0000 Xxxxxxx Xxxxxxxxx
Xxxxx 000
Xx. Xxxxx, Xxxxxxxx 00000
September 30, 1996
Omniquip International, Inc.
000 X. Xxxxxxx Xxxxxx
Xxxx Xxxxxxxxxx, Xxxxxxxxx 00000
Re: CORPORATE DEVELOPMENT CONSULTING AND ADVISORY SERVICES
Gentlemen:
This letter sets forth the agreement between Omniquip International, Inc.,
a Delaware corporation (the "Company"), and Harbour Group Industries, Inc., a
Missouri corporation ("HGI"), with respect to certain consulting and advisory
services to be provided by HGI to the Company from time to time.
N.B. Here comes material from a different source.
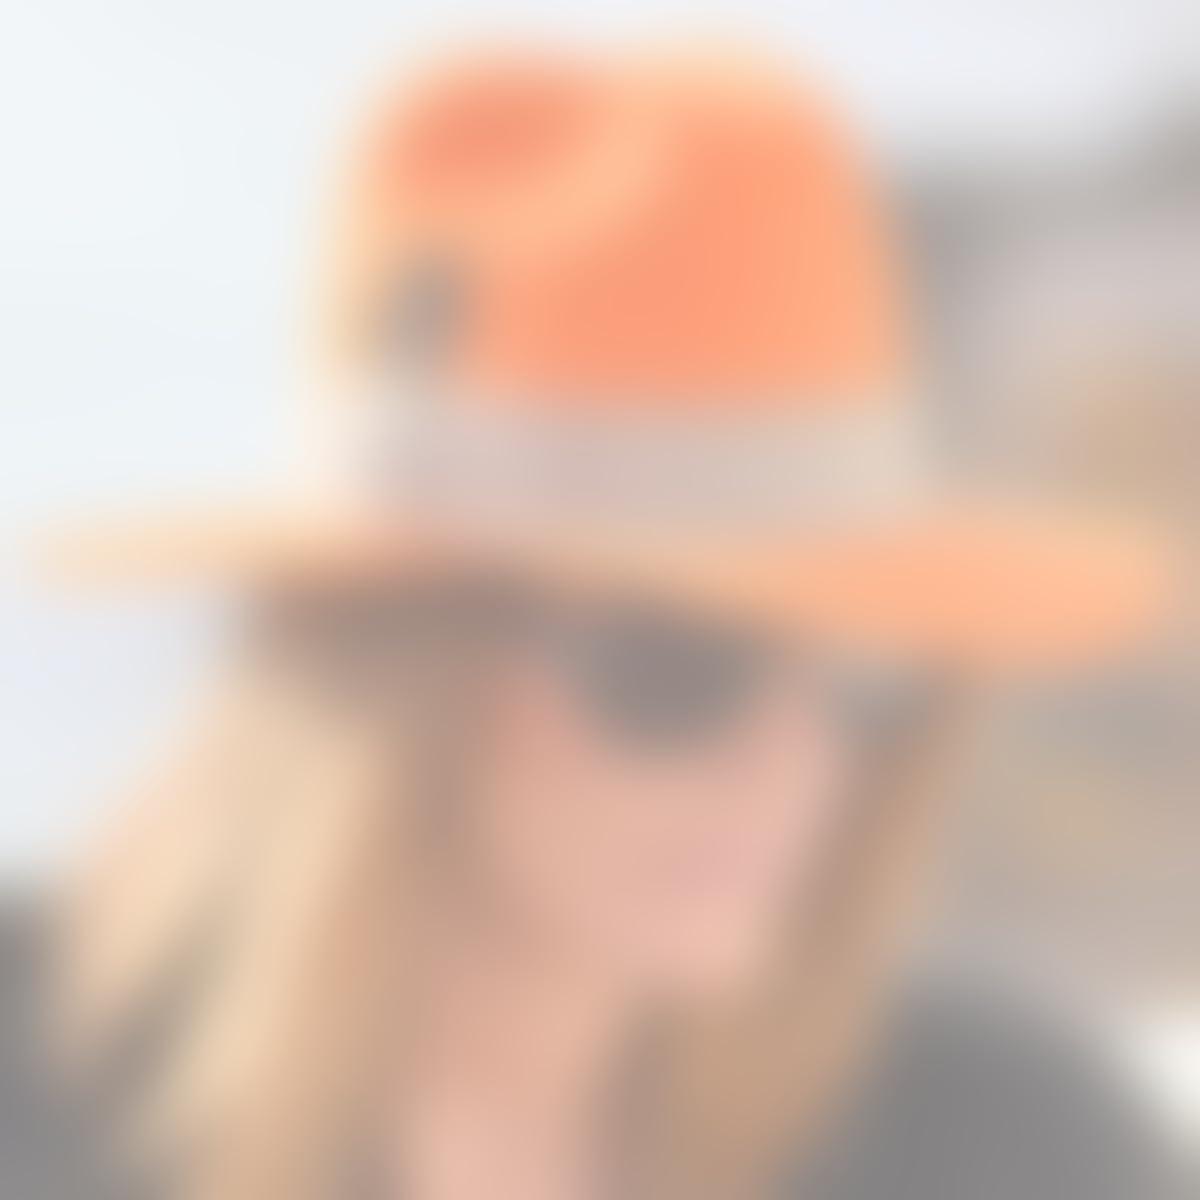 Amazon.com: RACEU ATELIER Orange Queen Hat - Wide Brim Fedora Hat - 100% Wool Felt - Fedoras & Trilby Hats - for Women: Handmade

HGI hereby agrees to provide the Company from time to time throughout the term
of this agreement, corporate development services, including the identification,
evaluation and negotiation of acquisitions, strategic planning, negotiation of
dispositions of components of the Company and such other similar services as the
Company may require from time to time.
The fee for services rendered by HGI (the "Hourly Fee") will be based on the
hours actually worked for the Company and upon HGI's regular established hourly
rates
therefor of the staff performing such work as set forth on Schedule 1 attached
hereto and made a part hereof, which rates reflect the direct cost of the
services of such personnel and allocation of related overhead. Such rates may
be adjusted quarterly on the basis of actual cost experience and cost
projections of HGI.
In addition to the Hourly Fee, HGI is to be reimbursed by the Company for
out-of-pocket expenses ("Expenses") incurred for such matters as travel,
printing and reproduction, outside computer time charges, postage, secretarial
overtime, delivery services, facsimiles, outside expert and consultant fees,
long-distance telephone charges, local transportation and the like. Outstanding
disbursements will be identified and billed separately or upon billing for
consulting and advisory services. HGI in its discretion may require the advance
payment of Expenses. Amounts billed separately as Expenses will not be included
in overhead allocations utilized in the determination of the Hourly Fee.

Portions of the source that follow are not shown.